# Returning to FreeBSD after 15 years



## jssilva (Apr 1, 2017)

Hello,

Yes, 15 years ago I took my first step out of the MS world and NT machines, by building a FreeBSD server for my company. It didn't last long; I had to change to Gentoo first, and then Debian, for administering easiness.

All the machines that I now administer are mostly Manjaro OpenRC and some Debian Wheezy (pre-systemd), the later on conversion process.
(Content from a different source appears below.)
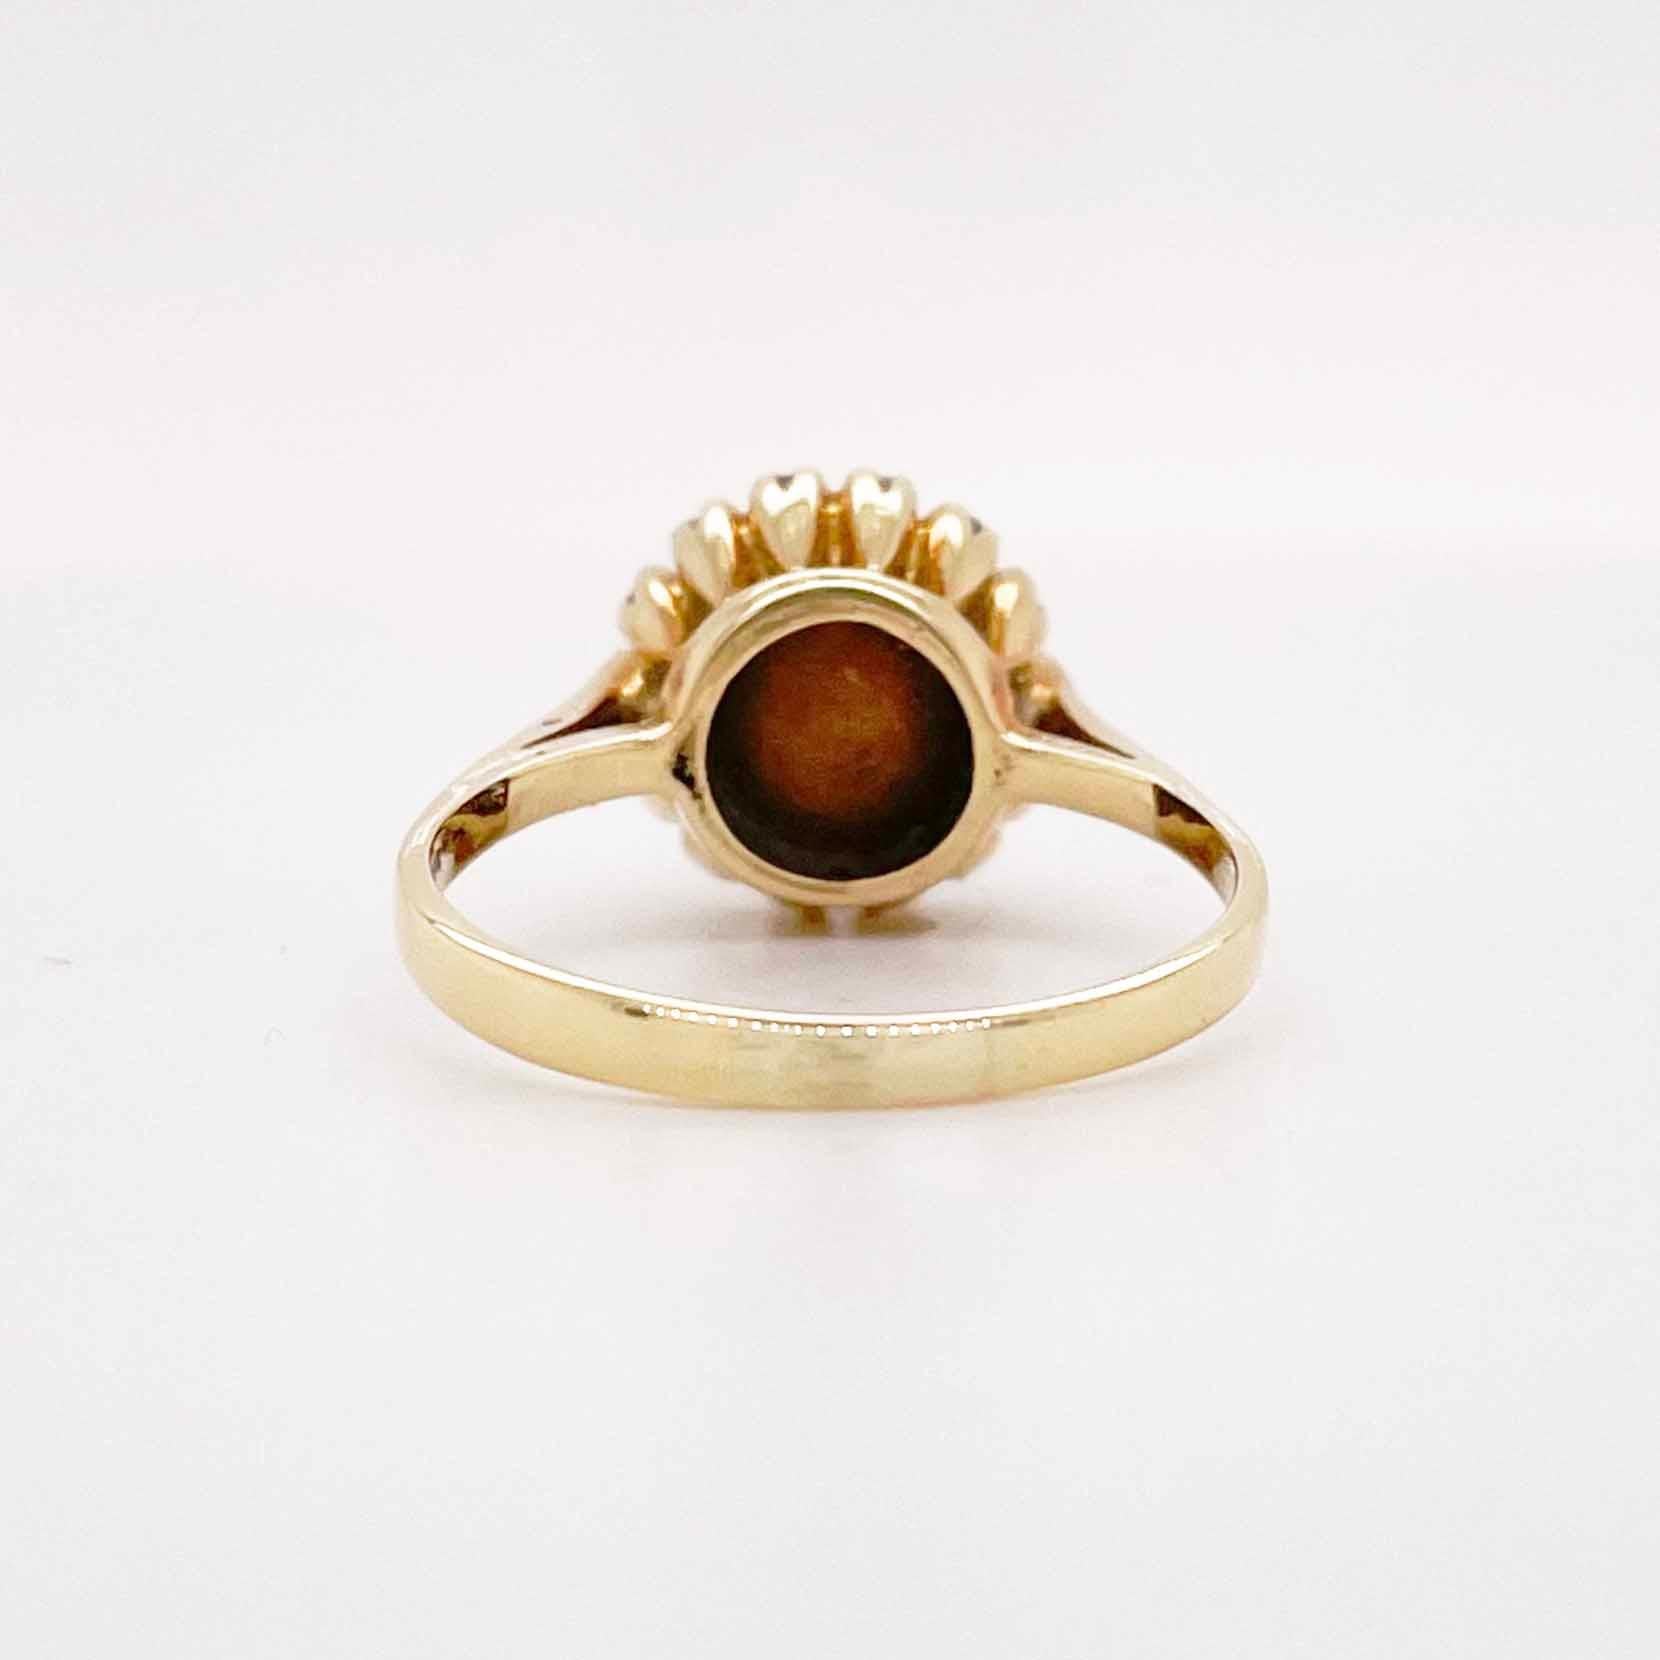 Contemporary Pearl Diamond Ring, Yellow Gold, Estate Cultured Pearl with Diamond Halo

My mission critical laptop is a MacBook Pro running Manjaro OpenRC. I like the Apple hardware, although difficult to justify the price.
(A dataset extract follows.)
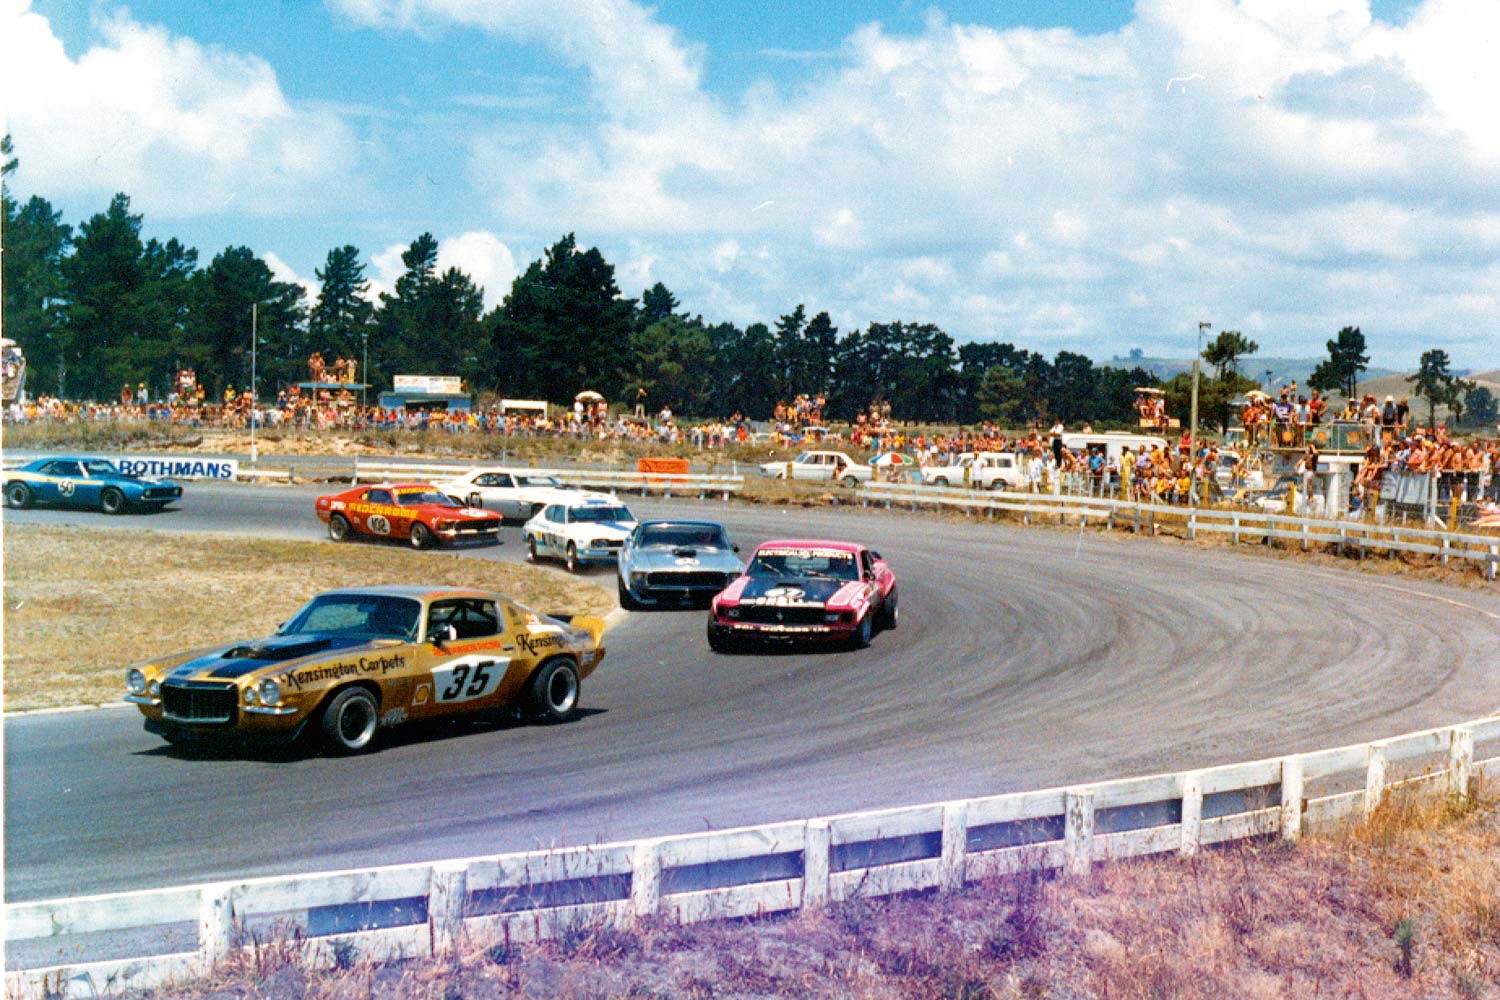 Bay Park big-bangers, with Red Dawson in the Camaro leading Graham Baker, Allan Moffat, Paul Fahey, Jim Richards, and Rod Coppins

So, to evaluate the possibility of a move to FreeBSD, I went to the basement and grabbed one of my old laptops for testing, also about 15 years old, a Fujitsu-Siemens Amilo D 6820, which has an ATI graphics Radeon 9000 Mobility M9 (RV250) (AGP), and I've been struggling to install FreeBSD on this.
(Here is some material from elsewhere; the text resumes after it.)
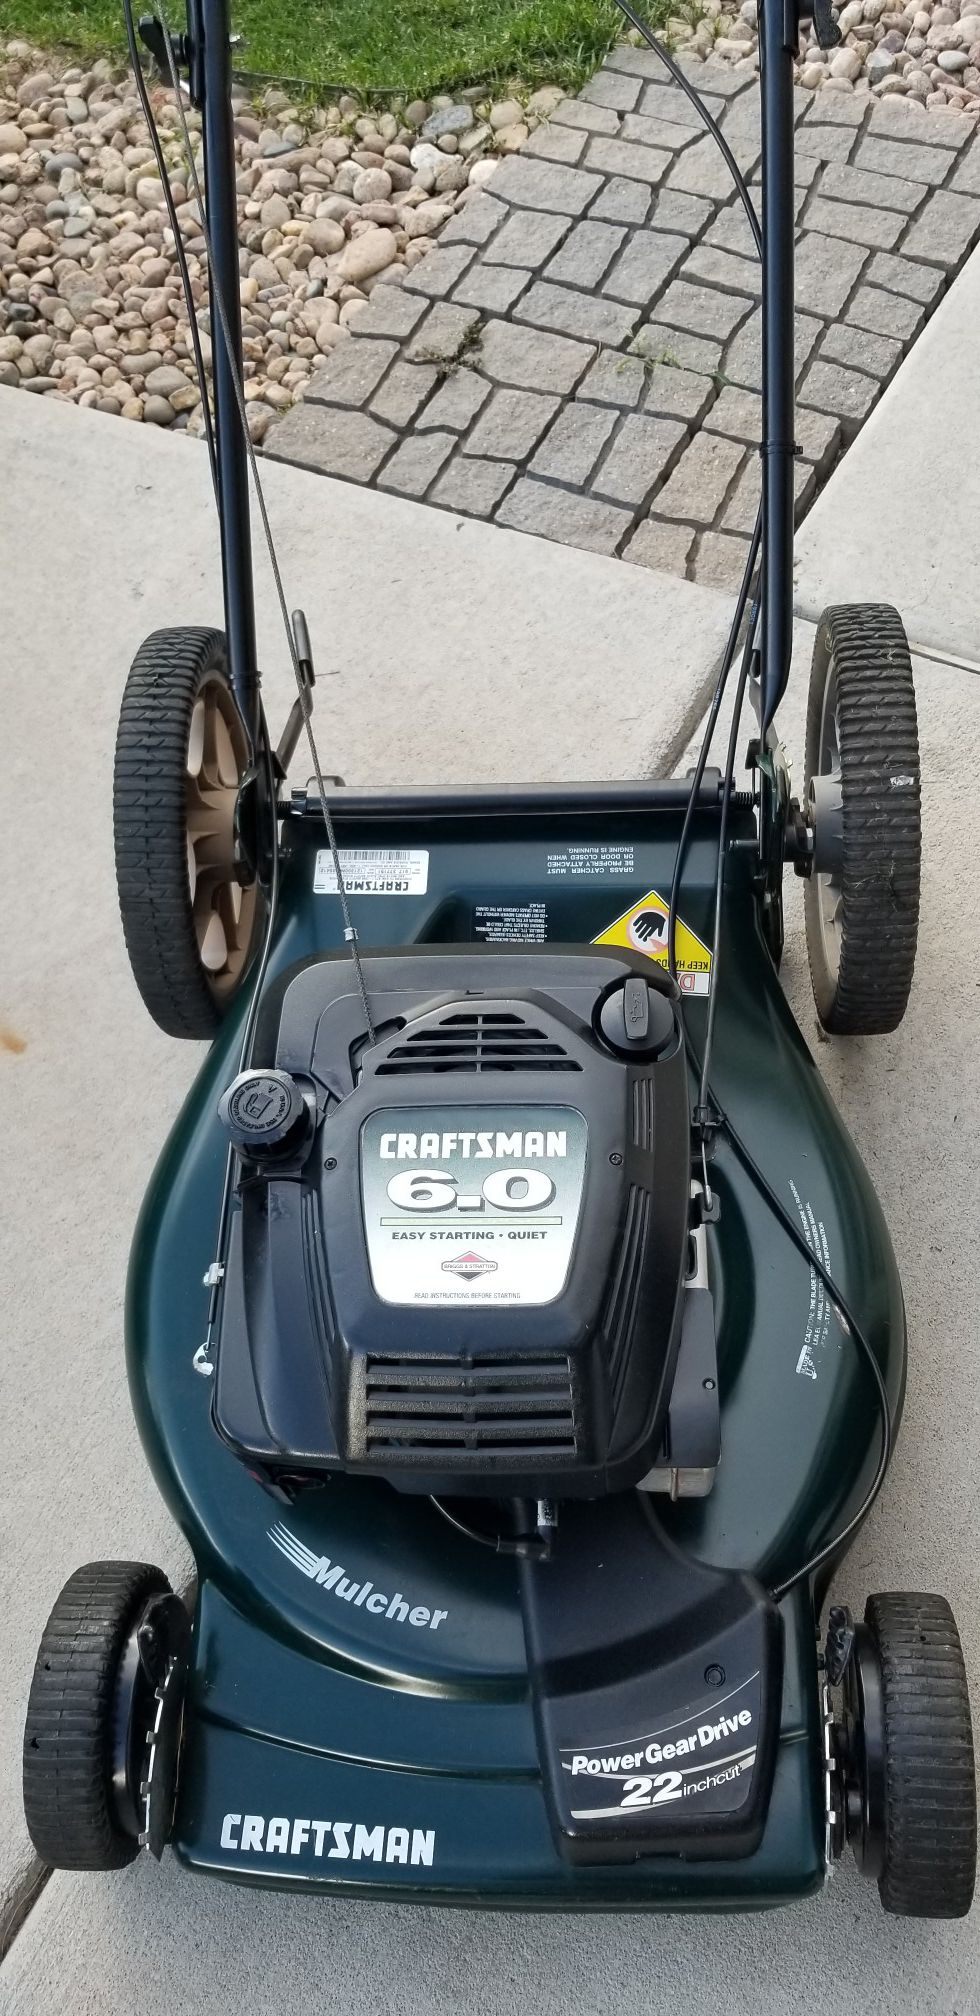 Craftsman self propelled lawnmower - excellent condition

First of all, either Knopix 6.2 or Ubuntu 10.04 live cd's work perfectly with this, using the radeon driver. But FreeBSD 11.0 STABLE (or RELEASE, same result), work well with Vesa driver but give a blank screen with the radeon driver. The problem seems to be that this build of the driver is incapable of detecting the LVDS output. But it detects the VGA and S-Video outputs. Can't be a hardware problem because, as I said, either Knopix or Ubuntu detect LVDS perfectly.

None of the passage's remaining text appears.